Background. In clinical trials and pharmacovigilance, adverse event (AE) reporting is fundamental for monitoring patient safety and for regulatory evaluation. Coding these events into standardized terms allows aggregation of data across patients, sites, and studies. Similarly, medications taken by patients (concomitant drugs, study drugs, rescue medications) must be coded to standard vocabularies to analyze drug usage and identify potential drug–drug interactions or medication-related adverse effects. Historically, various coding schemes were used (e.g. COSTART, WHO-ART, ICD) ([18]), leading to variability and difficulty in combining data. The pharmaceutical industry and regulatory bodies recognized the need for global standards. In 1994, a collaborative effort by major regulatory agencies (FDA, EMA, PMDA, etc.) and industry created the Medical Dictionary for Regulatory Activities (MedDRA) to standardize AE coding and electronic submissions globally ([1]) ([4]).

MedDRA is now the regulatory standard for pre- and post-marketing safety data in ICH regions ([1]) ([2]). It is updated twice yearly, and includes a vast range of medical concepts (disease, symptoms, procedures, etc.) ([19]) ([20]). WHODrug evolved from the World Health Organization’s international drug monitoring program, first established post-thalidomide (1968) to facilitate global pharmacovigilance ([21]) ([18]). WHODrug links medications to active ingredients via a structured code and classifies them by the WHO Anatomical Therapeutic Chemical (ATC) system ([22]) ([23]).It is similarly updated regularly and maintained by the Uppsala Monitoring Centre ([24]).

In modern clinical trials, data on AEs and medications are captured in electronic case report forms (eCRFs) and then coded. MedDRA codes adverse events: each reported term is mapped to the most precise (lowest-level) MedDRA term ([25]) ([26]). WHODrug codes medications: each drug verbatim is matched to a WHODrug record that includes the trade name, active moiety, form, strength, country, etc. ([27]) ([28]). This dual coding ensures that safety analyses and regulatory submissions use consistent, internationally-recognized terminology across all sites and countries in a trial ([29]) ([30]).

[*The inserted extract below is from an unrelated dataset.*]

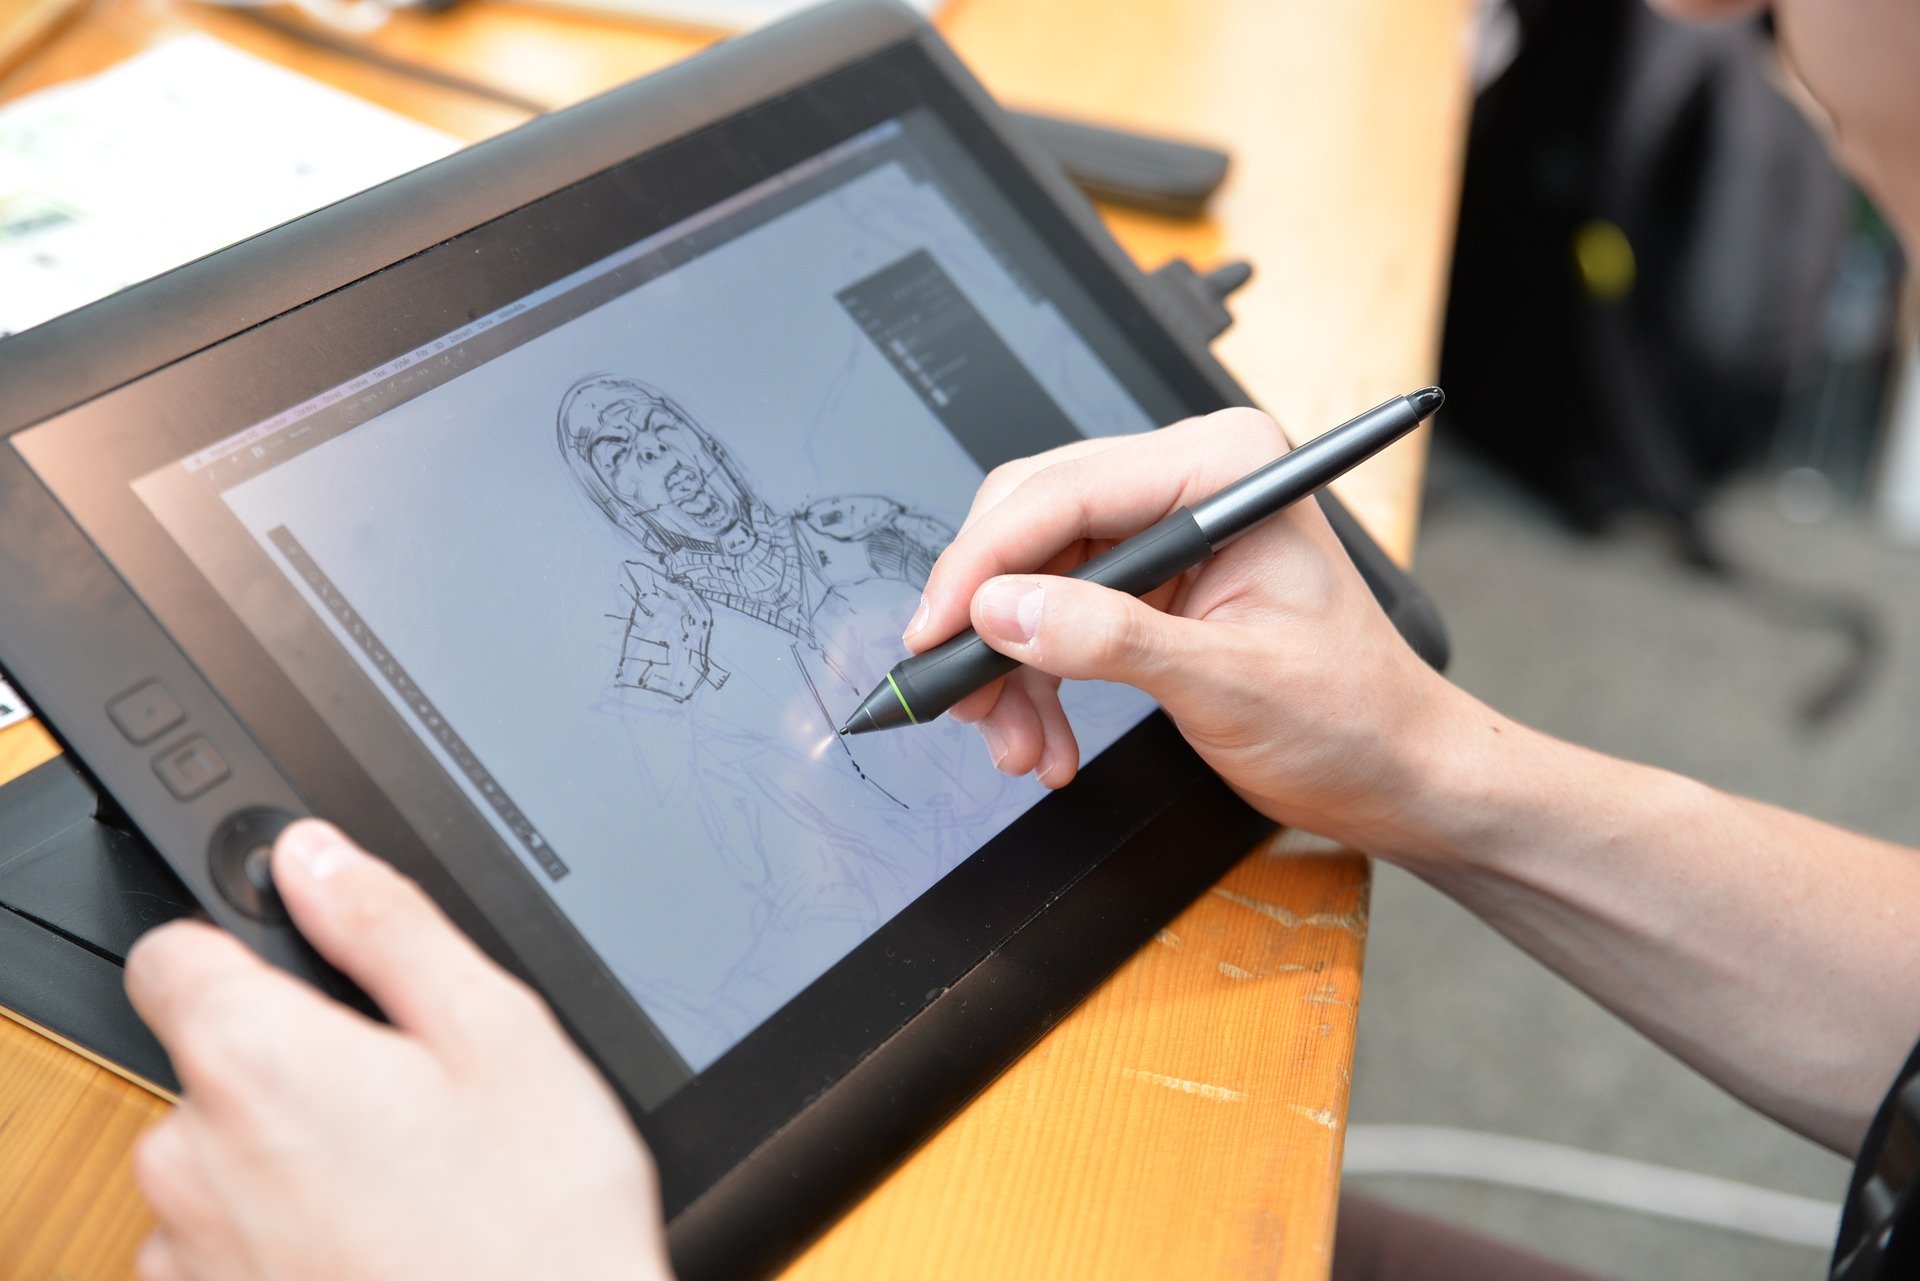 11 Best Drawing Apps to Make Digital Art On Android and iOS - Geekflare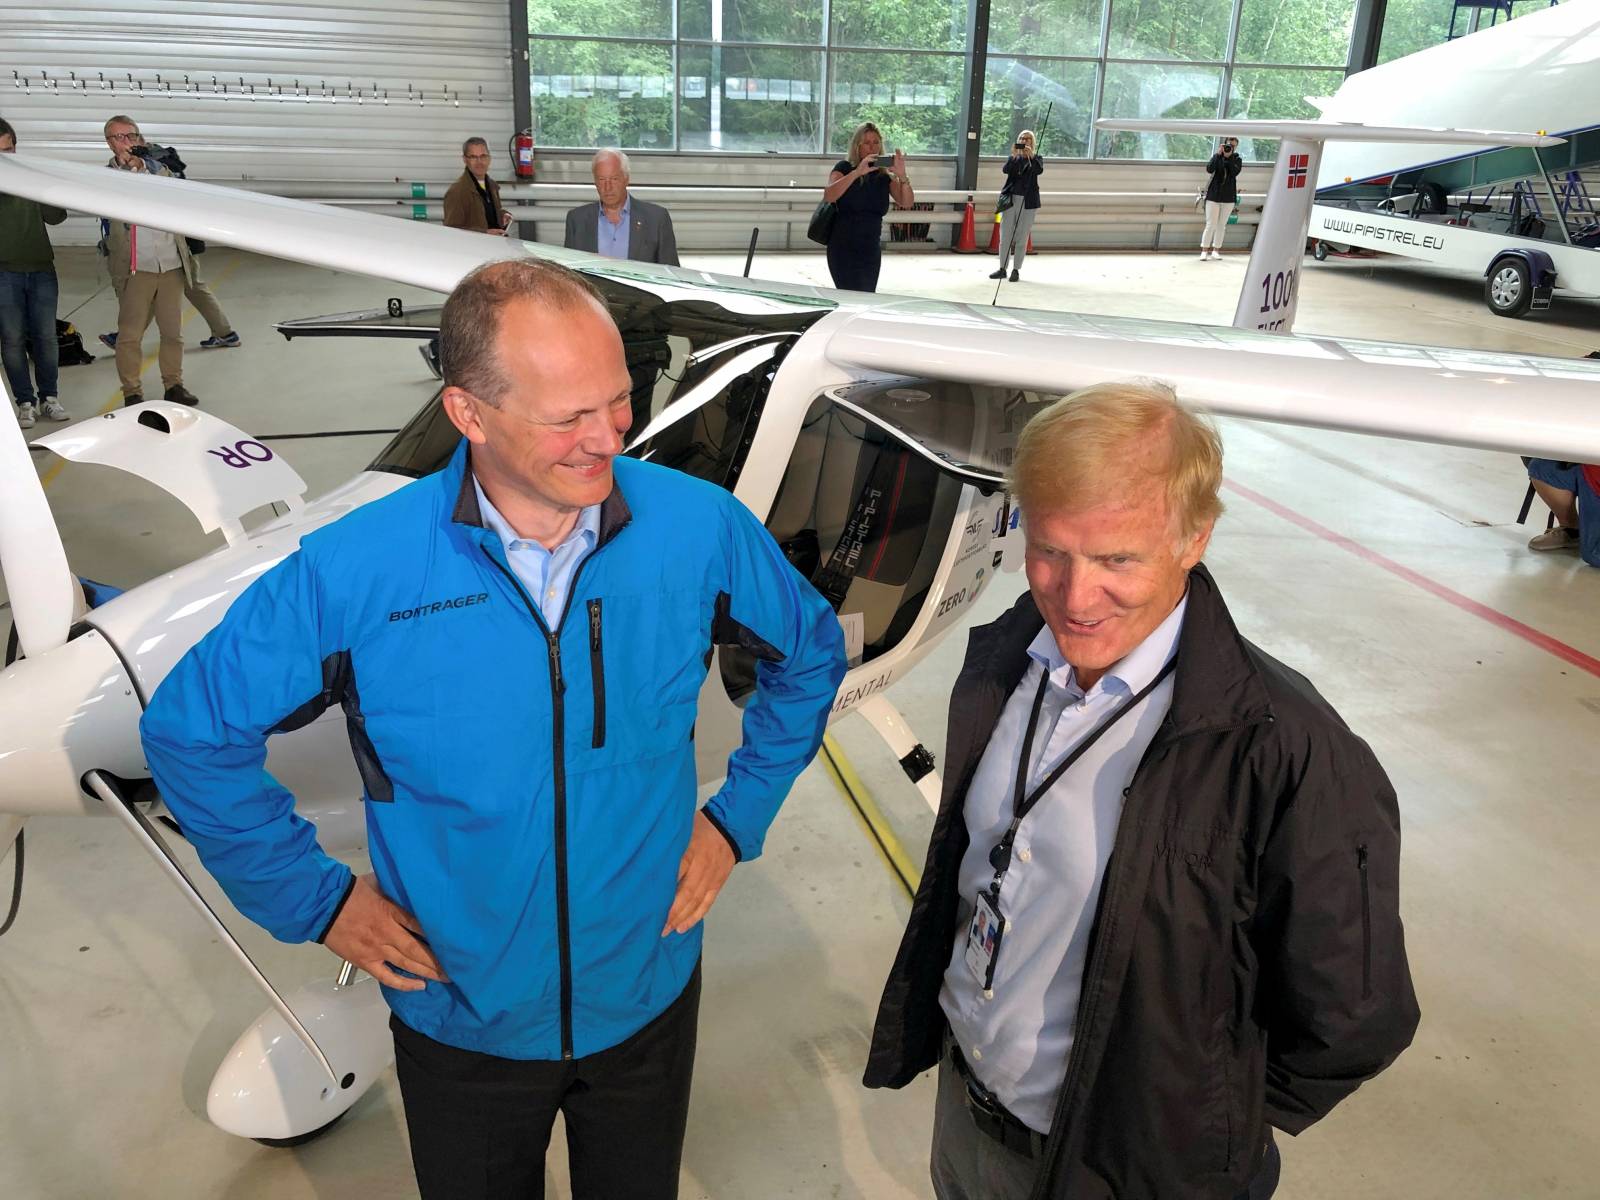 FILE PHOTO: Norwegian Transport Minister Ketil Solvik-Olsen and head of the Avinor Dag Falk-Petersen stand next to a two-seat electric plane made by Slovenian company Pipistrel at Oslo Airport

Purpose of report. This report examines MedDRA and WHODrug in the context of coding adverse events and medications in clinical trials. We cover:

  • Historical context: How and why these dictionaries were developed; organizational stewardship (ICH/MSSO for MedDRA; WHO/UMC for WHODrug) ([1]) ([24]).
  • Structure and content: The hierarchical design of MedDRA (levels from SOC to LLT) and WHODrug (Drug code, linking of trade names to ingredients, ATC classification, Standardised Drug Groupings) ([26]) ([31]).
  • Current usage: Regulatory requirements (e.g. ICH guidelines mandating MedDRA for safety reporting, PMDA requiring WHODrug for concomitant meds ([2]) ([32])), adoption in industry and CROs, and integration into EDC and safety databases.
  • Coding process: How coders use these dictionaries in practice (from CRF verbatim to coded terms), supported by guidelines (ICH points-to-consider, training materials) ([33]) ([3]).
  • Data analysis: How coded data are used for safety analysis—aggregation, signal detection, integrated listings—and how grouping structures (MedDRA’s hierarchy and SMQs; WHODrug’s classifications and SDGs) facilitate this ([34]) ([35]).
  • Challenges and inconsistencies: Empirical evidence on coding variability; potential misclassification or masking of events; difficulties with ambiguous or colloquial terms ([14]) ([36]). Practical issues like version updates (upcoding between dictionary versions) and organizational coding policies ([37]) ([38]).
  • Case studies: Examples from literature or regulatory review illustrating the impact of coding choices (e.g. antidepressant trial mis-coding, use of WHODrug to expand safety signal analysis) ([39]) ([40]).
  • Future directions: Trends such as automation (auto-coding algorithms ([41])), multilingual support (Chinese WHODrug ([42])), and harmonization (mapping between MedDRA, SNOMED, ICD) ([43]) ([4]).
  • Conclusion: Synthesis of findings to emphasize that although MedDRA and WHODrug are indispensable tools for trial safety data management, proper training, consistent practices, and ongoing improvements are needed to ensure data quality.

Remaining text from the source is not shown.